QOI (Quite OK Image Format) is a strong candidate for lossless screen grabs: it encodes and decodes in a single pass with no external dependencies, performs well on content with large uniform regions (UIs, text, diagrams), and the reference implementation is a single `.h` file. Output is larger than JPEG but decode is simpler and there is no quality loss. Worth benchmarking against JPEG at high quality settings for screen content.

## ZSTD over Raw Pixels

ZSTD at compression level 1 is extremely fast and can achieve meaningful ratios on screen content (which tends to be repetitive). No pixel format conversion is needed — capture raw, compress raw, decompress raw, display raw. This avoids any colour space or chroma subsampling decisions and is entirely lossless. The downside is that even compressed, the payload is larger than JPEG for photographic content; for UI-heavy screens it can be competitive.

## VA-API (Hardware H.264 Intra)

Intra-only H.264 via VA-API gives very high compression with GPU offload. This is the most complex option to set up and introduces a GPU dependency, but may be worthwhile for high-resolution grabs over constrained links. Deferred until simpler codecs are validated.

## ffmpeg Backend

ffmpeg (via libavcodec or subprocess) is a practical escape hatch that gives access to a large number of codecs, container formats, and hardware acceleration paths without implementing them from scratch. It is particularly useful for archival formats where the encode latency of a more complex codec is acceptable.

**Integration options:**

- **libavcodec** — link directly against the library; programmatic API, tight integration, same process; introduces a large build dependency but gives full control over codec parameters and hardware acceleration (NVENC, VA-API, VideoToolbox, etc.)
- **subprocess pipe** — spawn `ffmpeg`, pipe raw frames to stdin, read encoded output from stdout; simpler, no build dependency, more isolated from the rest of the node process; latency is higher due to process overhead but acceptable for archival paths where real-time delivery is not required

The subprocess approach fits naturally into the completeness output path of the relay: frames arrive in order, there is no real-time drop pressure, and the ffmpeg process can be restarted independently if it crashes without taking down the node. libavcodec is the better fit for low-latency encoding (e.g. screen grab over a constrained link).

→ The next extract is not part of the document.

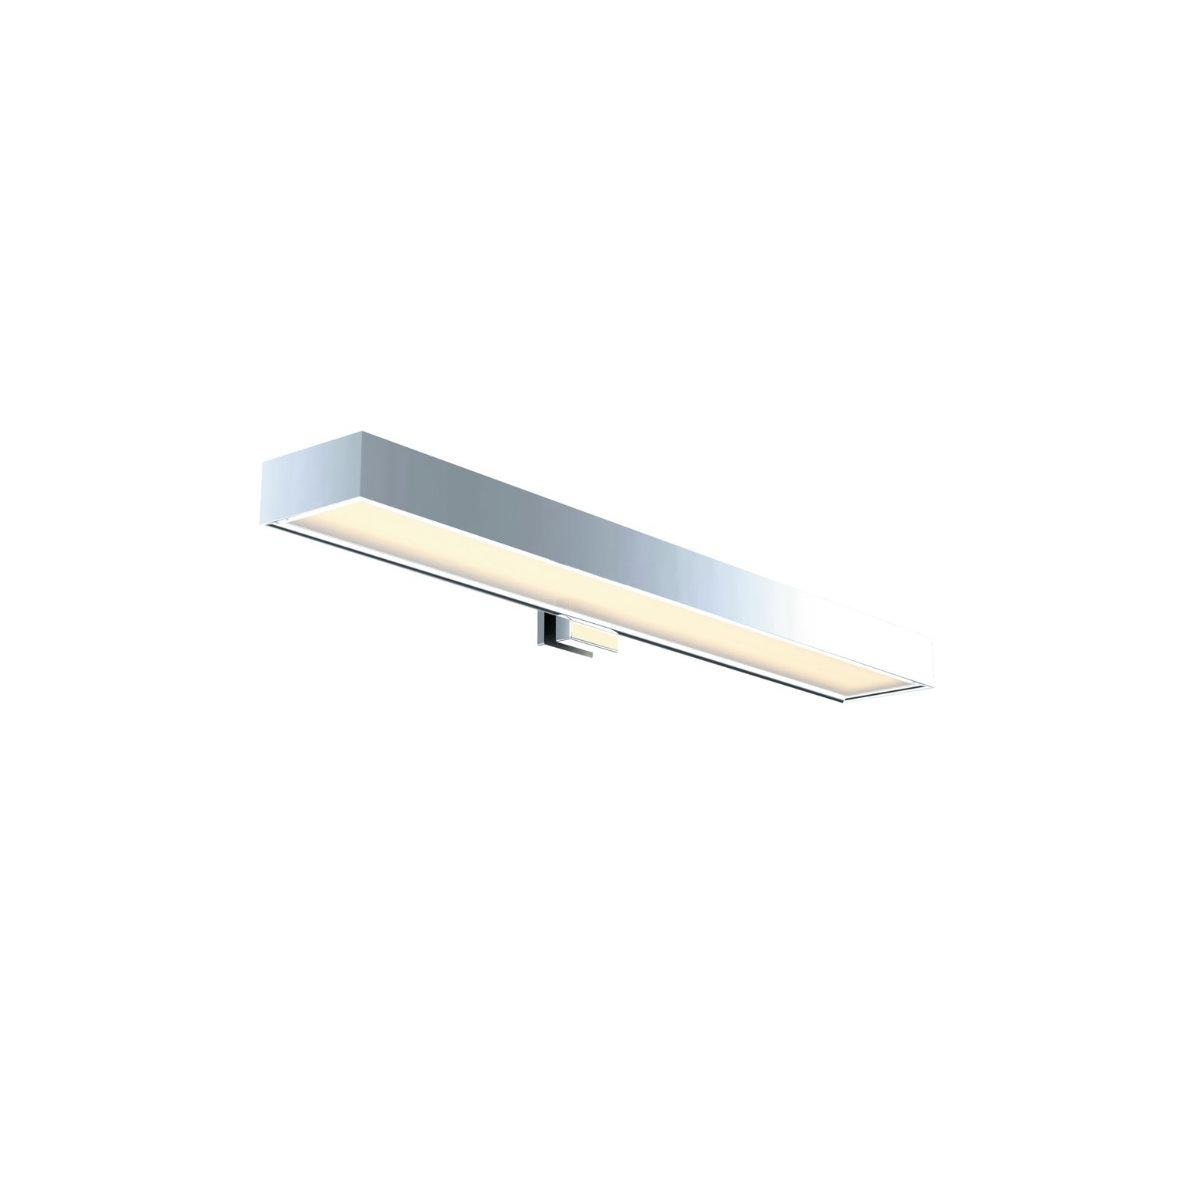 led spiegelleuchte spiegelaufsatz leuchte spiegel aufsatz strahler alu chrom ebay. Black Bedroom Furniture Sets. Home Design Ideas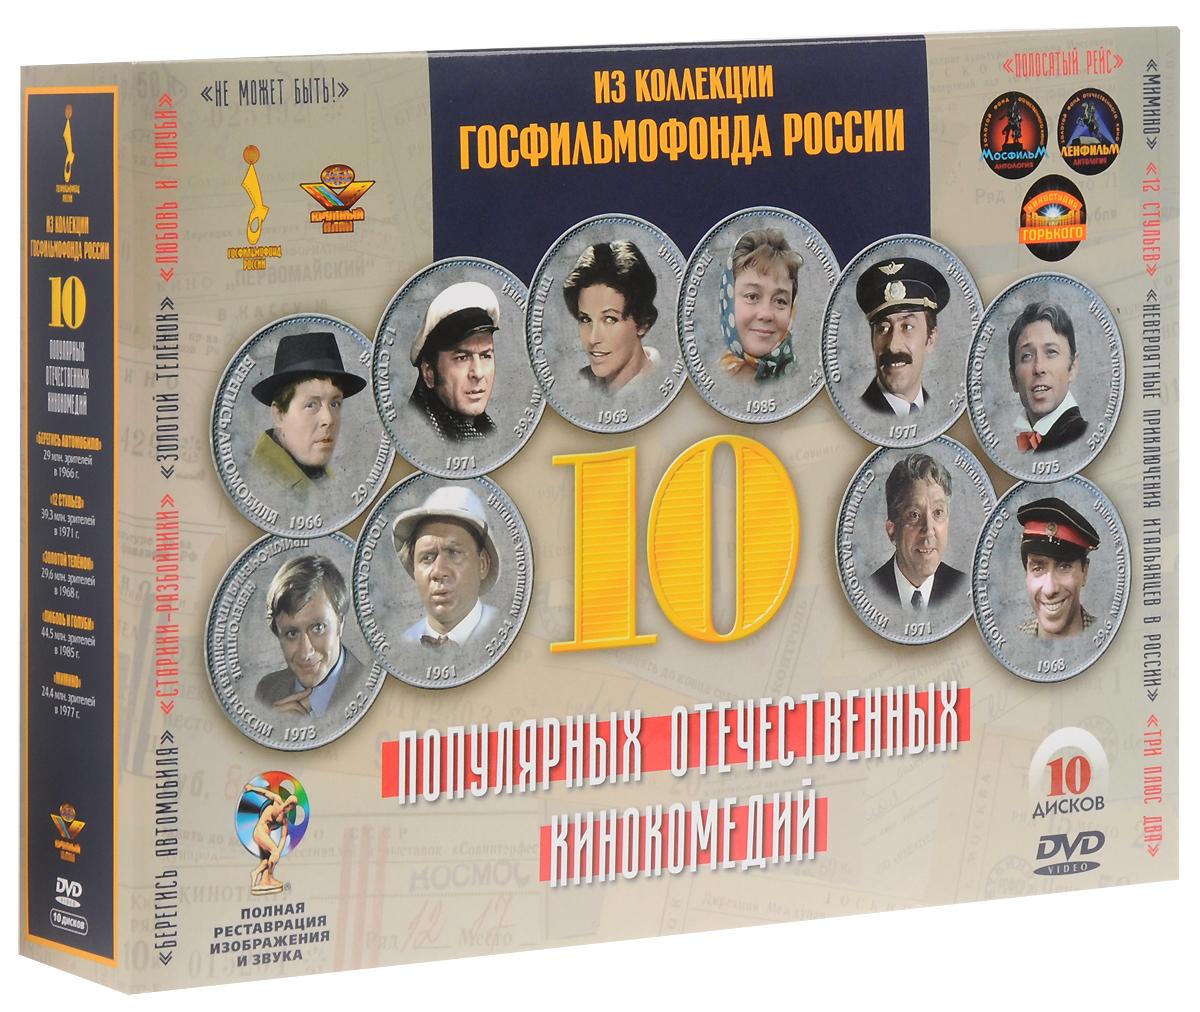 10 популярных отечественных кинокомедий (10 DVD)

**Archival formats of interest:**

| Format | Notes |
|---|---|
| H.265 / HEVC | ~50% better compression than H.264 at same quality; NVENC and VA-API hardware support widely available |
| AV1 | Best open-format compression; software encode is slow, hardware encode (AV1 NVENC on RTX 30+) is fast |
| FFV1 | Lossless, designed for archival; good compression for video content; the format used by film archives |
| ProRes | Near-lossless, widely accepted in post-production toolchains; large files but easy to edit downstream |

The encoder backend is recorded in the `origin` field of `stream_open` — the receiver cares only about `format`, not how the bytes were produced. Switching from a subprocess encode to libavcodec, or from software to hardware, requires no protocol change.